Suppose there are $n$ observations with $n_0$ having the minimum value, $n_2$ having the maximum value, and that we label the $n_1=n-n_0-n_2$ values between the minimum and the maximum values as $x_1, x_2, …, x_{n_1}$. The likelihood function is

$$L=\beta^{n_0}\left((1-\beta)e^{-\lambda\gamma}\right)^{n_2}\prod_{i=1}^{n_1} (1-\beta)\lambda e^{-\lambda x_i}$$

with the log likelihood being

$$\log(L)=n_0\log\beta+\left(n_1+n_2\right)\log(1-\beta)+n_1\log\lambda-n_2\lambda\gamma-\lambda\sum_{i=1}^{n_1} x_i$$

The maximum likelihood estimators are

$$\begin{align*} \hat{\beta}&=\frac{n_0}{n}\\ \hat{\gamma}&=\max\limits_i x_i\\ \hat{\lambda}&=\frac{n_1}{\sum\limits_{i=1}^{n_1} x_i+\hat{\gamma}n_2} \end{align*}$$

The Mathematica code to generate samples from this distribution and estimate the parameters follows:

(* Set some values for the parameters to be used in the example *)
parms = {λ -> 0.5, β -> 0.2, γ -> 5};

(* Take a random sample from a shifted exponential *)
x = RandomVariate[ExponentialDistribution[λ], 500] + Log[1 - β]/λ /. parms;
(* Censor values to be between 0 and γ *)
y = Map[Min[γ, Max[0, #]] &, x] /. parms;

(* Construct some summary statistics to create the maximum likelihood estimates *)
n = Length[y]; (* Total number of observations *)
nMinimum = Total[Map[If[Min[y] == #, 1, 0] &, y]]; (* Number of observations equaling the minimum *)
nMaximum = Total[Map[If[Max[y] == #, 1, 0] &, y]]; (* Number of observations equaling the maximum *)
z = Map[If[Min[y] < # < Max[y], 1, 0] &, y];
sumY = z.y; (* Sum of the obervations between 0 and γ *)
nMiddle = Total[z];  (* Total number of observations between 0 and γ *)

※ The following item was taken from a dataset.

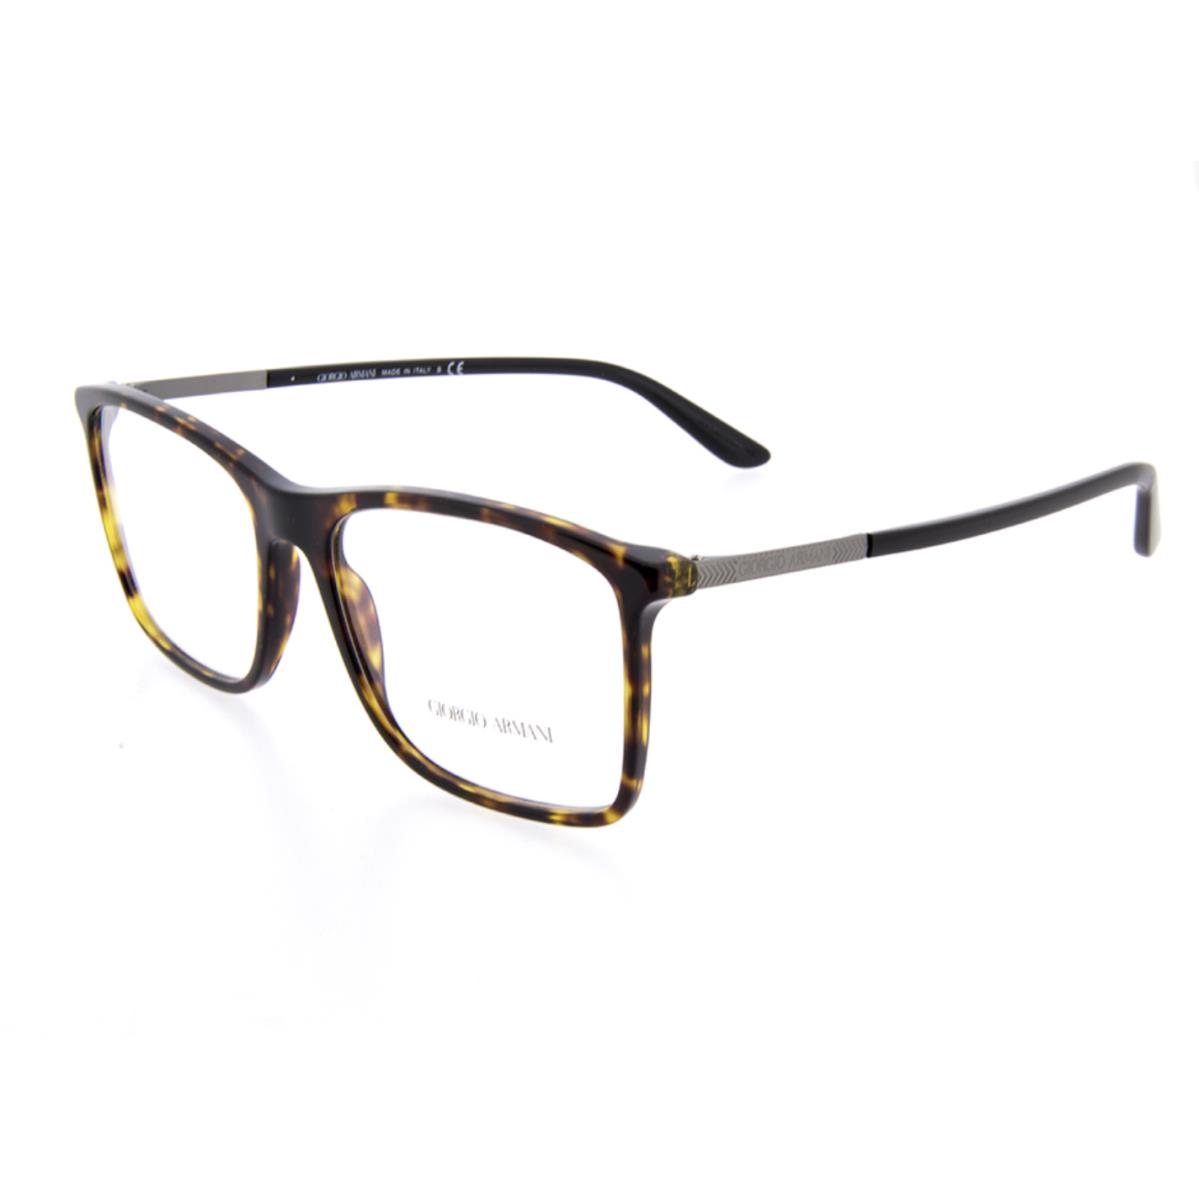 Giorgio Armani eyeglasses  - Tortoise Front with Gunmetal & Black Temples Frame, Demos with GA Print Lens 9
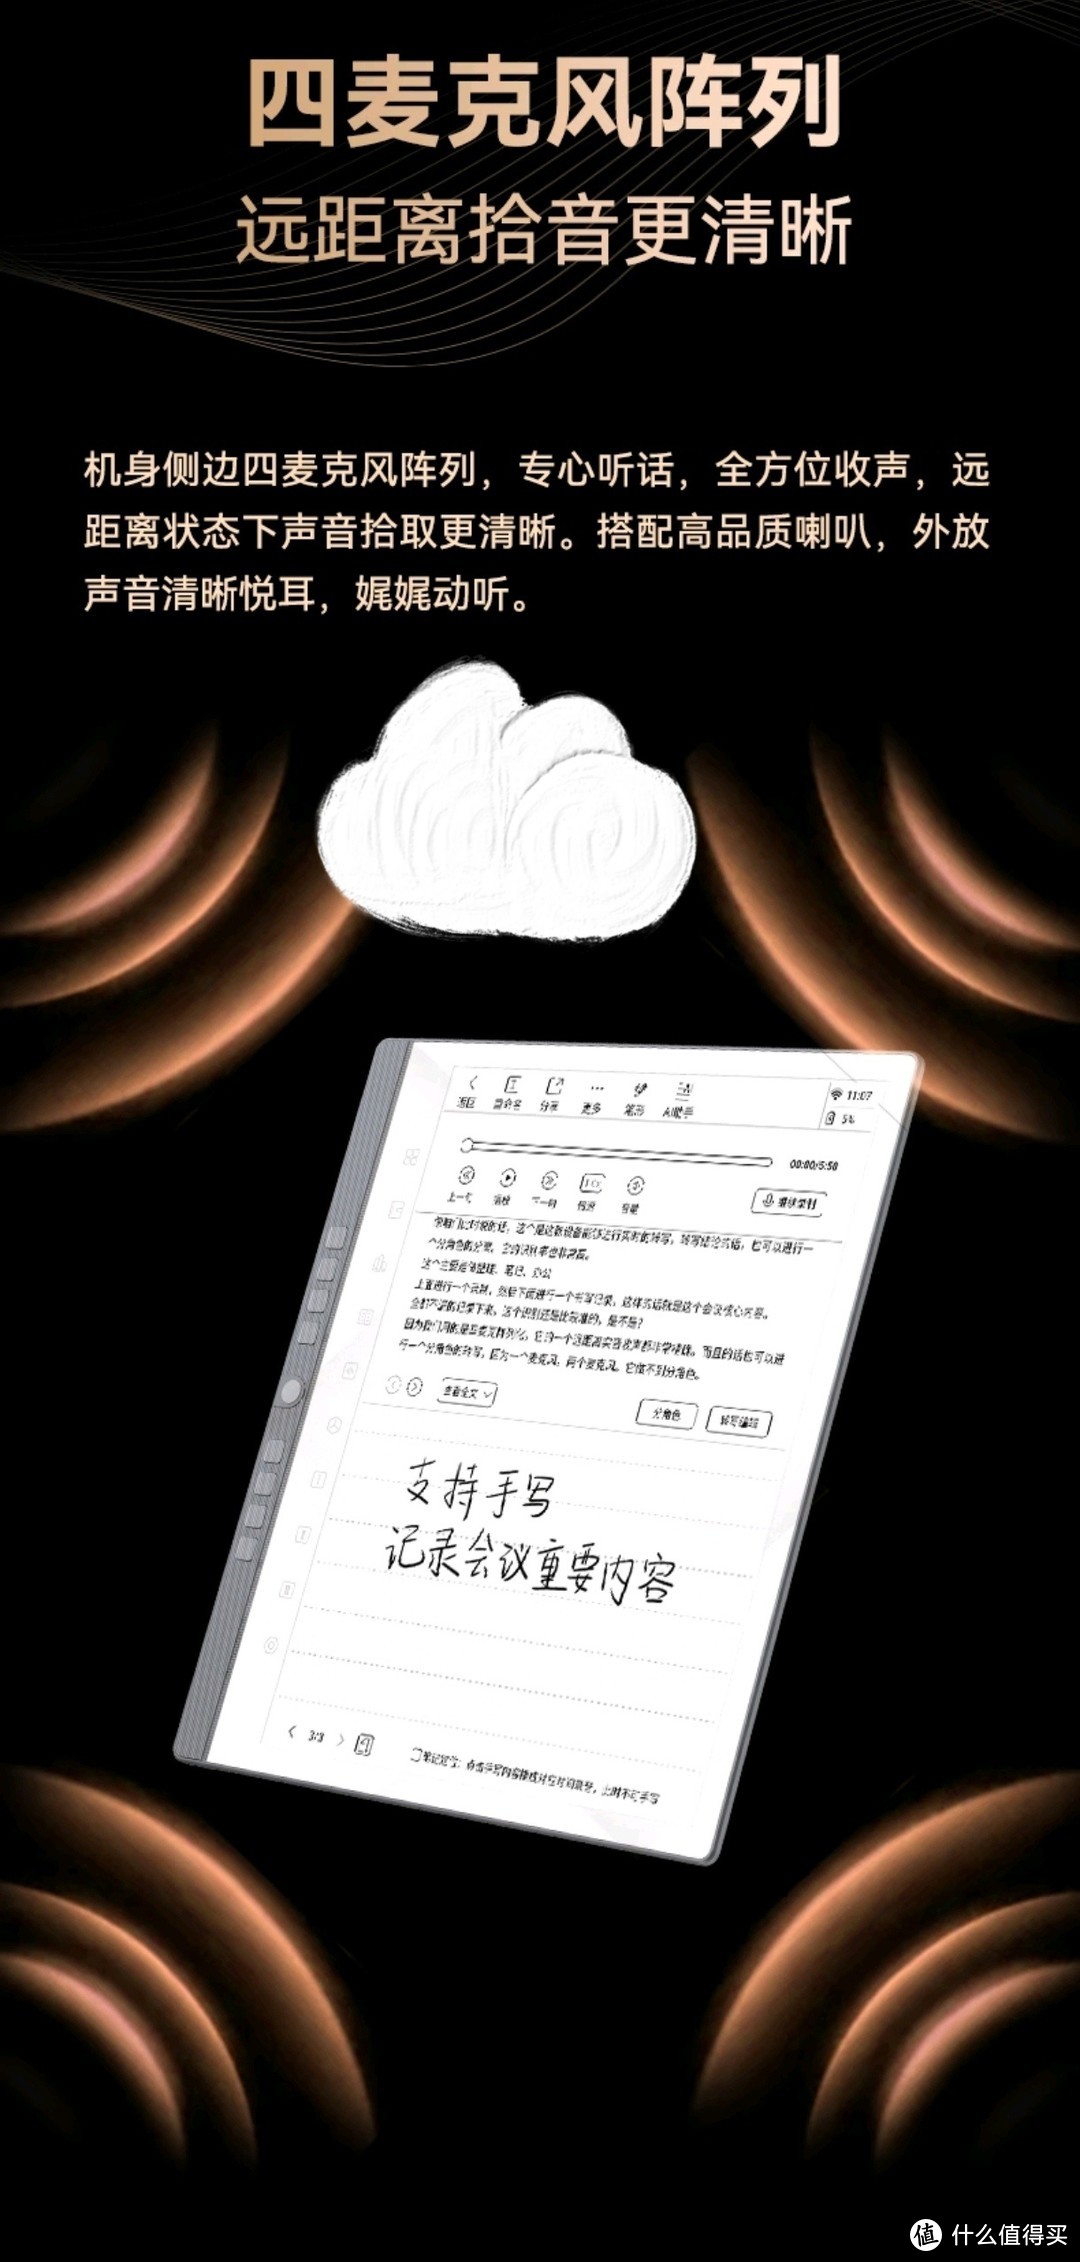 汉王的电子书可以无纸化读书吗？

(* Maximum likelihood estimates *)
β0 = N[nMinimum/n] (* Proportion of observations equaling the minimum *)
(* 0.206 *)
γ0 = Max[y] (* Minimum possible value of γ is maximum likelihood estimate *)
(* 5 *)
λ0 = nMiddle/(sumY + γ0 nMaximum) (* Similar to reciprocal of mean of non-zero observations *)
(* 0.5276208413626468 *)
aic = (-2 Sum[Log[f[y[[i]], λ, β, γ]], {i, Length[y]}] /. {λ -> λ0, β -> β0, γ -> γ0}) + 2*3
(* 1727.7477639507404 *)

(* Use FindMaximum as a partial check *)
(* Define probability function for a doubly-censored shifted exponential *)
f[x_, λ_, β_, γ_] := Piecewise[{
   {β, x == 0},
   {λ (1 - β) Exp[-λ x], 0 < x < γ},
   {(1 - β) Exp[-λ γ], x == γ},
   {0, x > γ}}]

mle = FindMaximum[{Sum[Log[f[y[[i]], λ, β, γ]], {i, Length[y]}]}, {{λ, λ0}, {β, β0}, {γ, γ0}}]
(* {-860.8738819753705,{λ->0.5276208413626468,β->0.206,γ->5.}} *)
aicFindMaximum = -2 mle[[1]] + 2*3 
(* 1727.747763950741 *)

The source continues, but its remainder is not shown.